Boehm, Christopher, Hierarchy in the Forest: The Evolution of
Egalitarian Behavior, Harvard University Press, 2001
Chapais, Bernard, Primeval Kinship: How Pair-Bonding Gave Birth to Human
Society, Harvard University Press, 2008.
Gert, Bernard, Morality: It's Nature and Justification, Oxford University Press, 2005.
2005.
Ostrom, Elinor, Governing the Commons: The Evolution of Institutions for Collective Action, Cambridge University Press, 1990.
Perdue, Theda, and Green, Michael, North American Indians: A Very Short Introduction, Oxford University Press, 2010.
Oddly, you object to evolutionary psychology, but then give examples of how our human sense of morality has evolved. You say
ReplyDelete> The basic premise of evolutionary psychology is that human nature is just animal nature, determined by blind natural selection.
I disagree. Evolutionary psychology doesn't say that human nature is just animal nature. It does say that human nature has evolved, but such evolution includes social evolution as well as biological. People in groups whose members cooperated to punish cheats and free-riders and defend against threats from outside the group had more offspring than those not in such groups. Those offspring tended to continue cooperative behavior, and so we evolved to have a sense of morality.
Here's an excerpt from the chapter on religion in my book _How To Be An Excellent Human_in which I cite Jonathan Haidt's _The Righteous Mind_:
Can group membership really influence the genetic makeup of its members? Consider this (one among several arguments that Haidt advances): If you want to increase egg output, you would breed only those chickens that lay the most eggs, right? Actually that doesn’t work. In the egg industry, where chickens live in crowded cages, the best layers are also the most aggressive, and breeding such hens causes more aggression and fewer eggs. A geneticist tried a different approach:
He worked with cages containing twelve hens each, and he simply picked the cages that produced the most eggs in each generation. The he bred all of the hens in those cages to produce the next generation. Within just three generations, aggression levels plummeted. … Total eggs produced per hen jumped from 91 to 237 [after several more generations], mostly because the hens started living longer, but also because they laid more eggs per day. The group-selected hens were more productive than those subjected to individual-level selection.(Haidt, p. 214)
Haidt claims humans have become adapted to group living in much the same way. Natural, not artificial, selection has caused us to be groupish as well as selfish. As Haidt puts it, we are 90 percent ape and ten percent bee.(Haidt, p.220)
I am not going to adjudicate whether this phenomenon would best be called group selection, multi-level selection or individual selection in the context of groups.
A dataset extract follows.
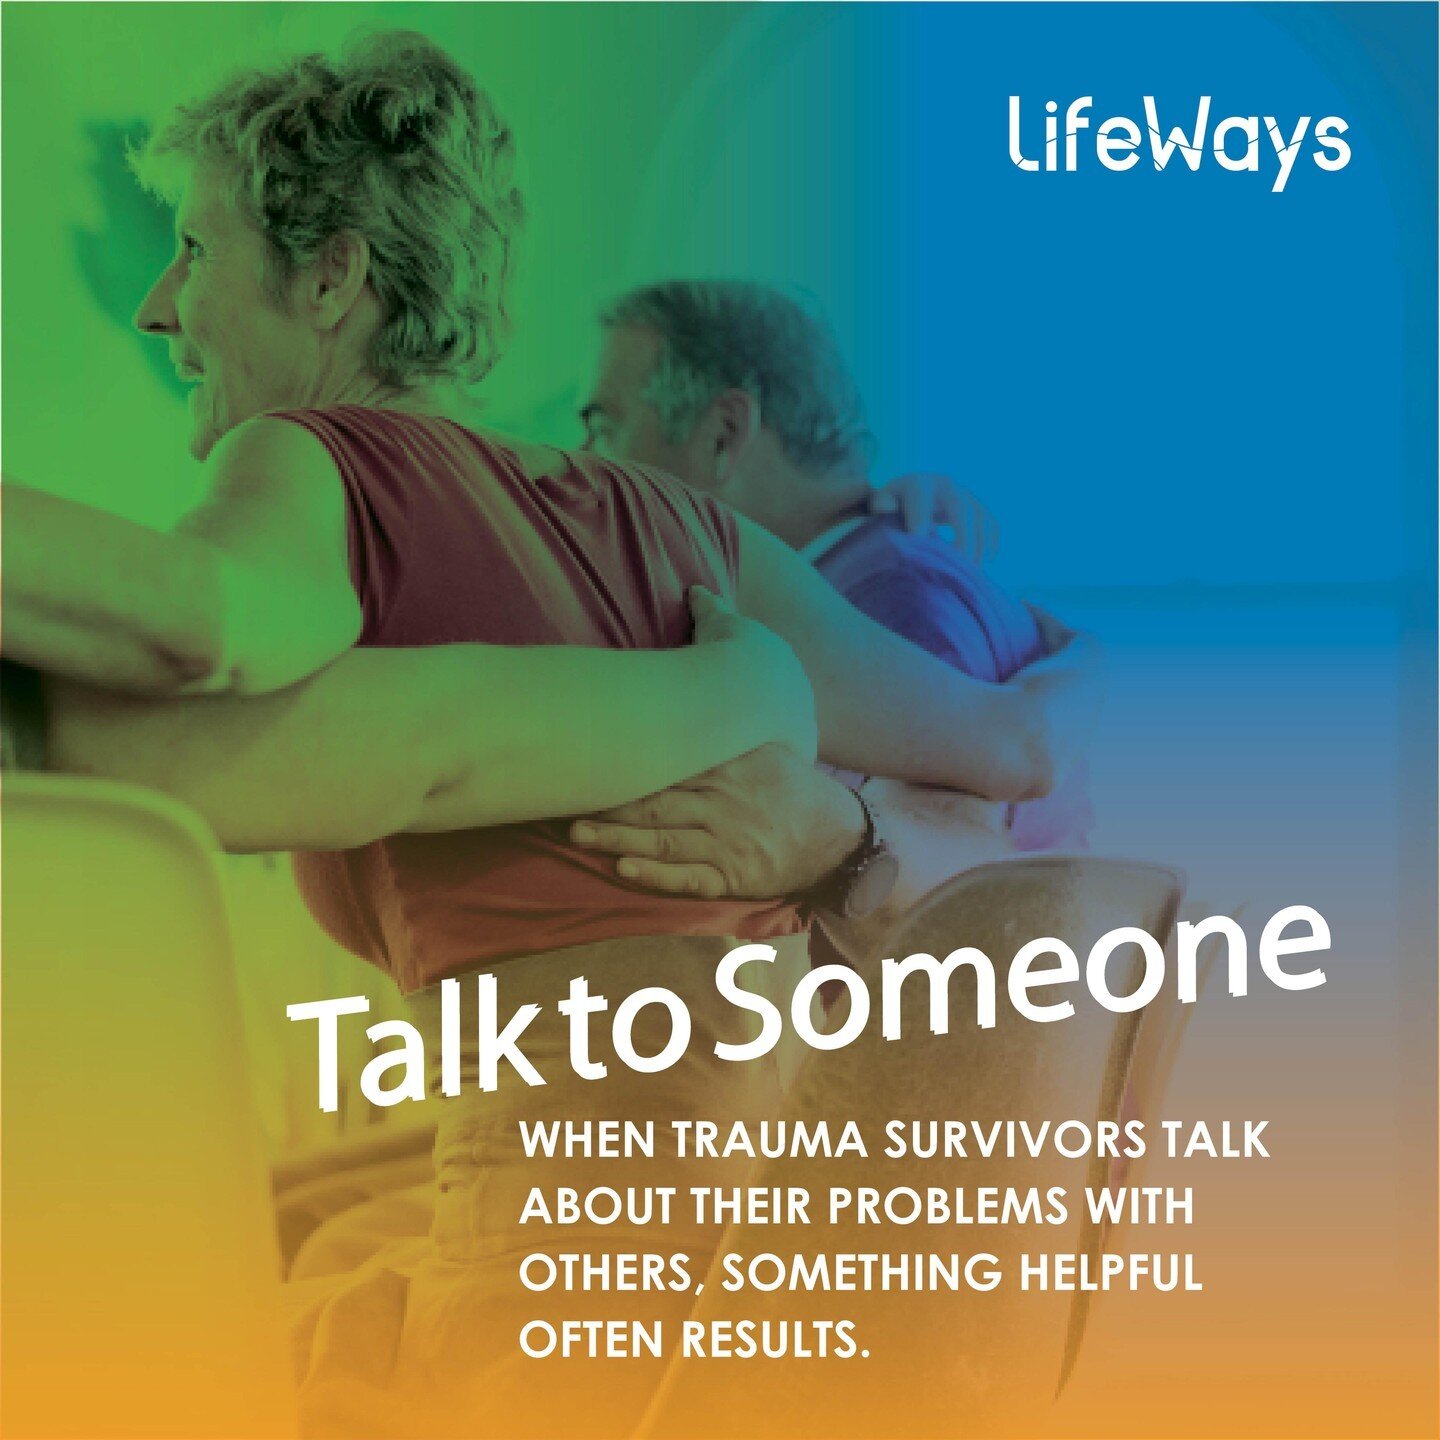 June is Posttraumatic Stress Disorder (PTSD) Awareness month!

Talk to others for support! When trauma survivors talk about their problems with others, something helpful often results. It is important not to isolate yourself. Instead, make efforts to

But it is undeniable that humans function best in groups, and it does seem plausible that natural selection has produced specific adaptations in us to serve that end.
References
Haidt, Jonathan. _The Righteous Mind: Why Good People Are Divided by Politics and Religion_. New York: Pantheon Books, 2012.
Meacham, Bill. _How To Be An Excellent Human: Mysticism, Evolutionary Psychology and the Good Life_. Austin, Texas: Earth Harmony, 2013. Available at http://www.bmeacham.com/ExcellentHumanDownload.htm.
The example you give of the geneticist "selecting" groups of hens for maximization of egg laying is an example of artificial selection. It is a scientist, using conscious criteria of selection, whereas natural selection is not conscious, it's a fundamentally blind process. Morality is an agreement, and agreements originate from conscious decisions, not through blind processes. When I compare ape dominance hierarchies to human morality I see a qualitative difference that cannot be bridged by natural selection.